It also means that all the geometry of the scene is transformed into math operations that are embedded in the pipeline. Do you want one more sphere? Well, that will cost you all the hardware needed to calculate a ray/sphere intersection, the reflected ray, the sphere normal etc.

But wait, it gets worse! One of the main benefits of ray tracing are the ease by which it can render reflections. It’d be a shame if you couldn’t show that off. Unfortunately, reflection is recursive: if you have 2 reflecting objects, light rays can essentially bounce between them forever.

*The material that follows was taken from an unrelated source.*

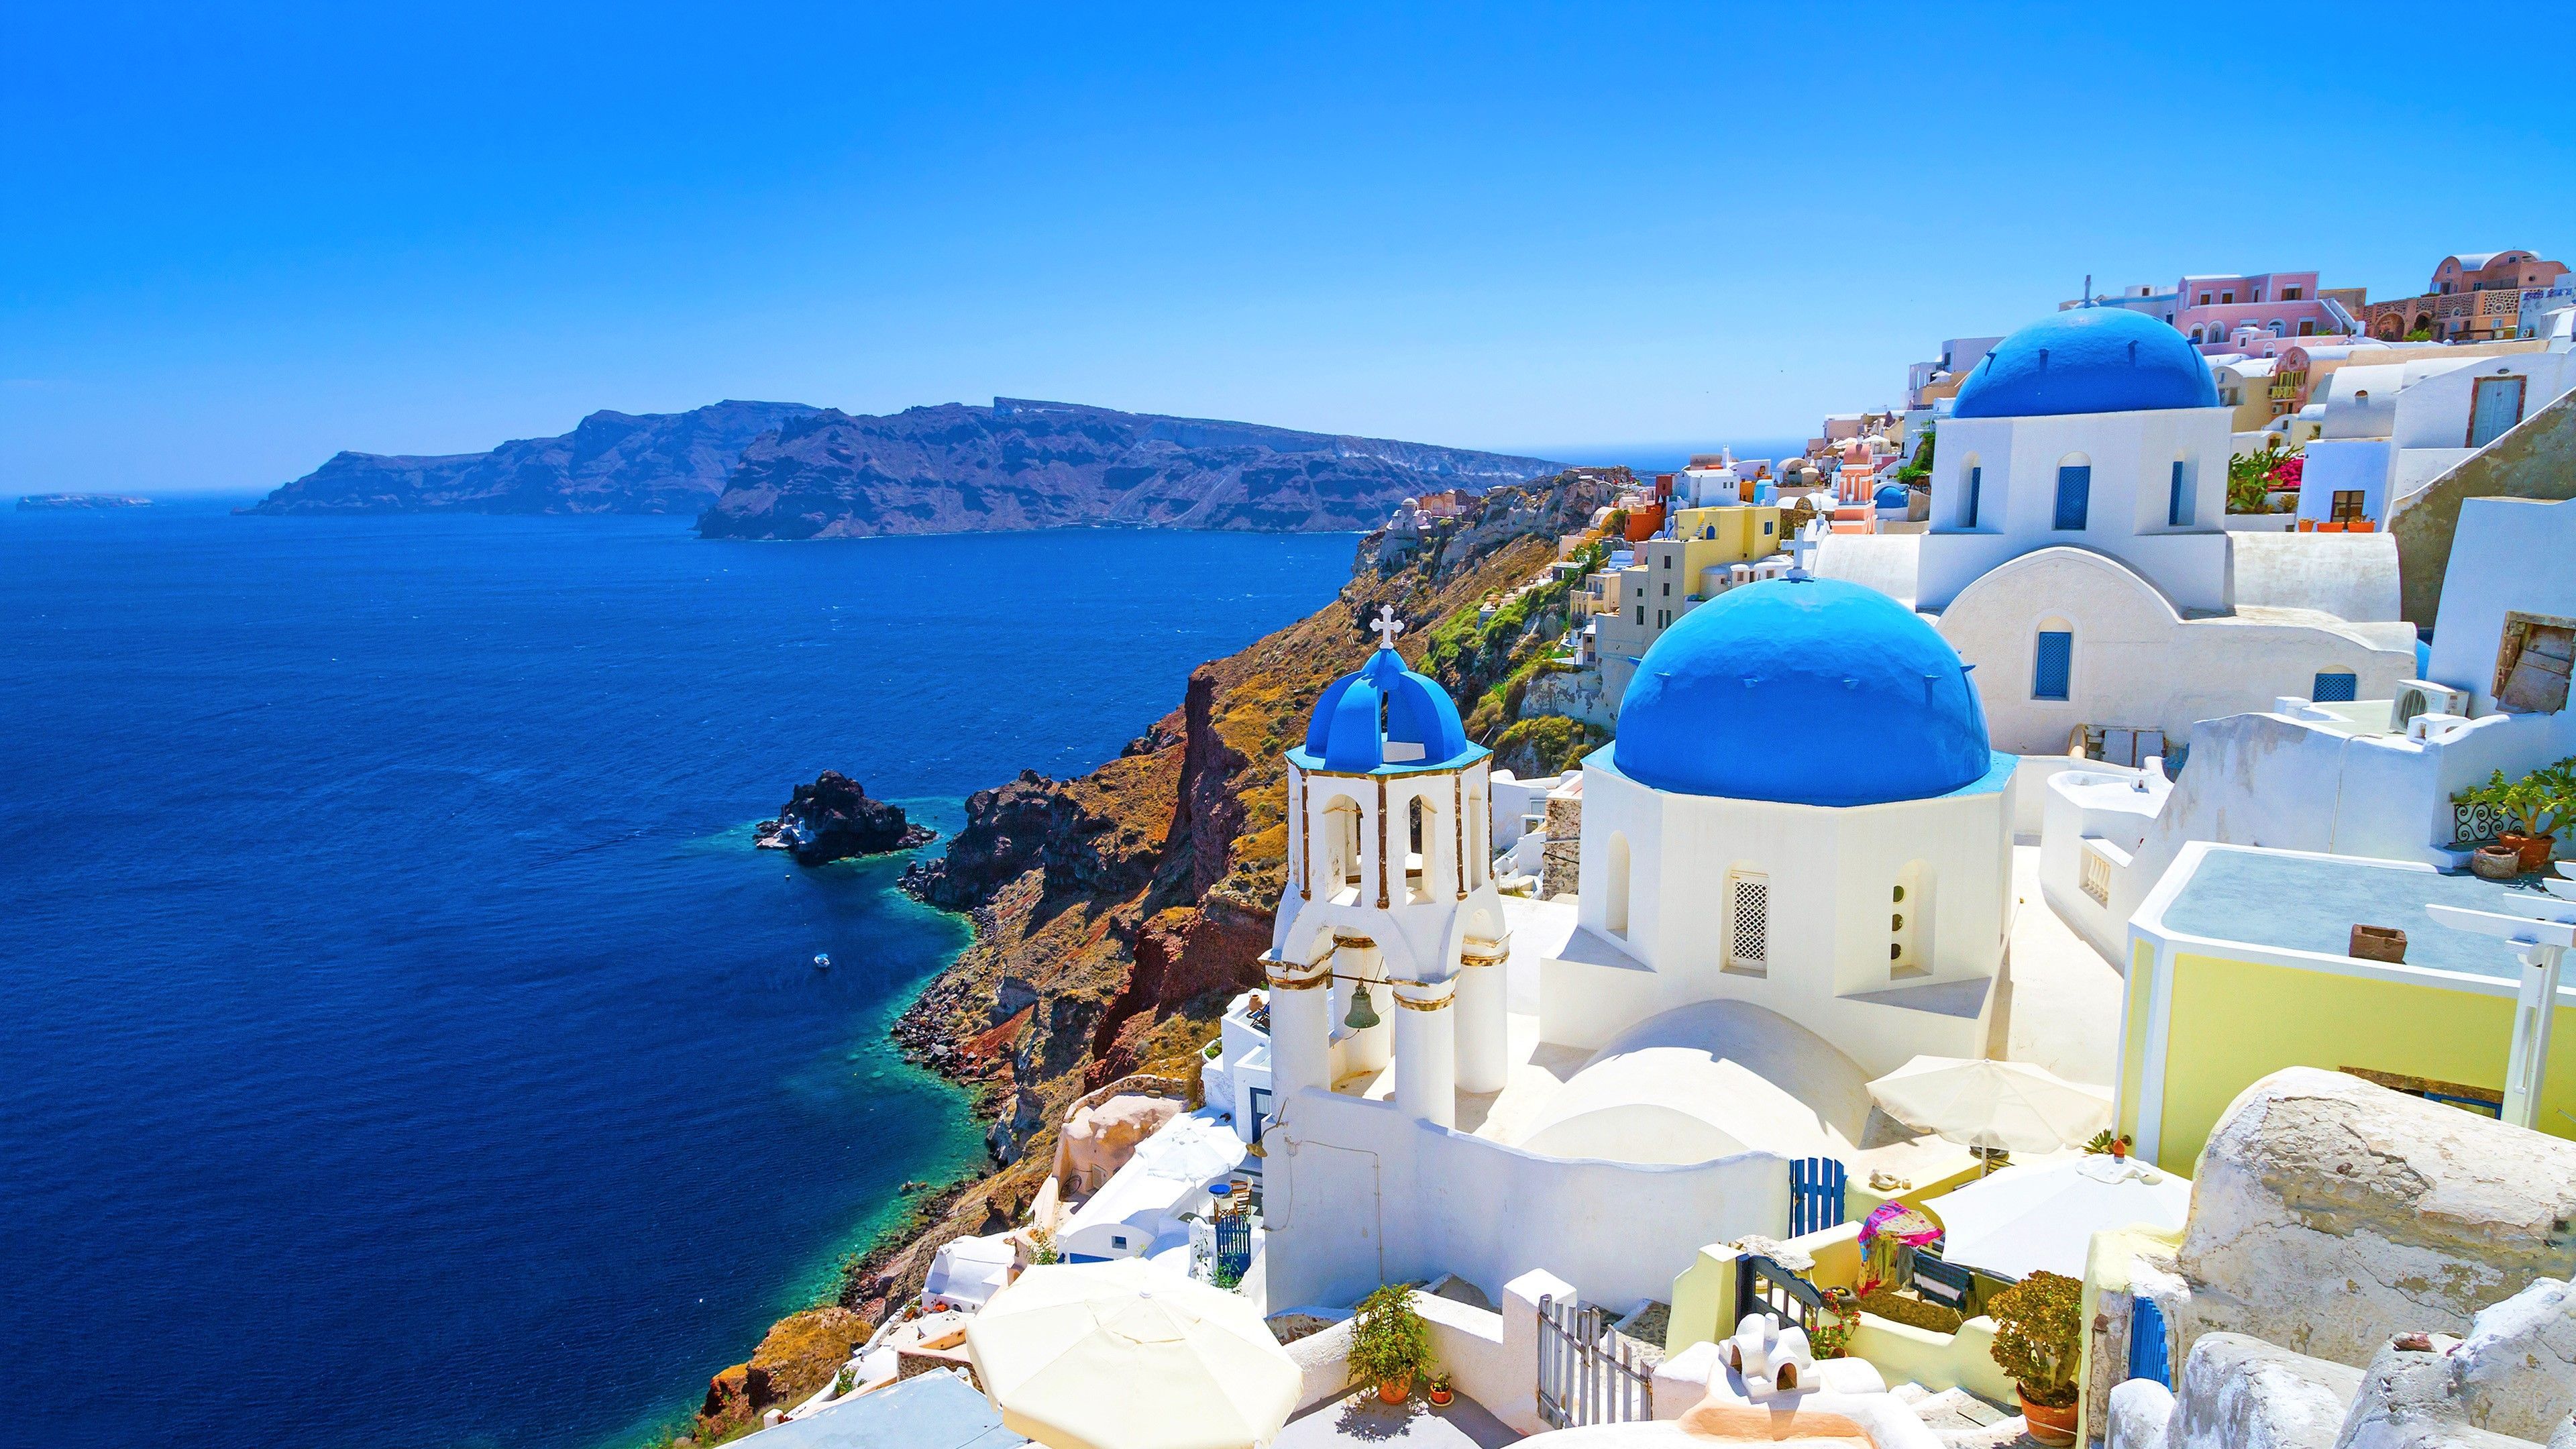 Hy Lạp là một quốc gia nổi tiếng với những bãi biển đẹp và những di sản văn hóa cổ đại. Bất cứ ai cũng đều muốn tham quan Hy Lạp ít nhất một lần trong đời. Thật tuyệt vời khi chụp lại những khoảnh khắc ấn tượng và có thể lưu giữ chúng dưới hình dạng của hình nền Hy Lạp để tưởng nhớ những giây phút đã trải qua.

You’d need an infinite amount of hardware to do that in one clock cycle… but even if you limit reflections to, say, 2 bounces, you’re still looking at a rapid expansion of math operations, and thus HW resources.

Or you chose the alternative: only allow 1 reflecting object in the scene. :-)

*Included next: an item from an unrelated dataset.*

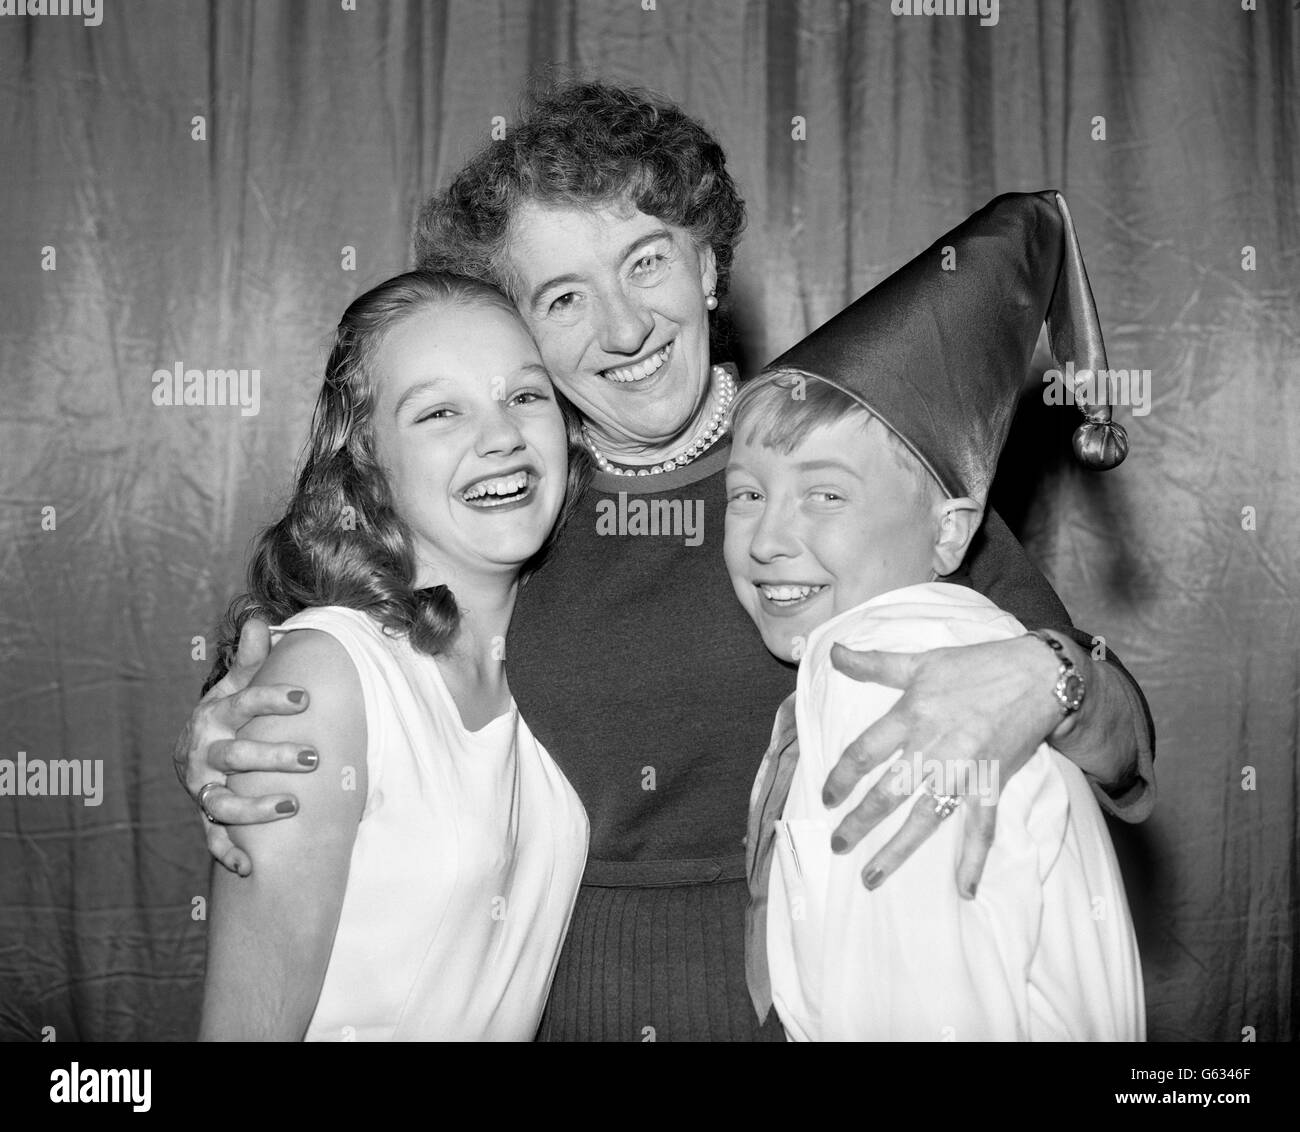 Enid Blyton, l'auteure pour enfants, au Prince's Theatre de Londres, avec Colin Saull, 13 ans, et Gloria Johnson, 15 ans, qui sont les vedette dans sa production de Noddy à Toyland. Banque D'Images

Since our FPGA is really quite small, there was a strict limit on what could be done. So the decision was made to have a scene with just 1 non-reflecting plane and 1 reflecting ball.

A Floating Point C Model

For a project with a lot of math, and a lot of pixels (and thus potentially very large simulation times), it’s essential to first implement a C model to validate the whole concept before laying things down in RTL.

First step is to simply use floating point. Converting to a format that’s more suitable for an FPGA is for later.

It didn’t take long to get the first useful pixels on the screen:

cmodel1_plane

The code is almost trivial. I decided on pure C code without any outside libraries, so I had to create my own vector structs. I made a lot of changes to those along the way.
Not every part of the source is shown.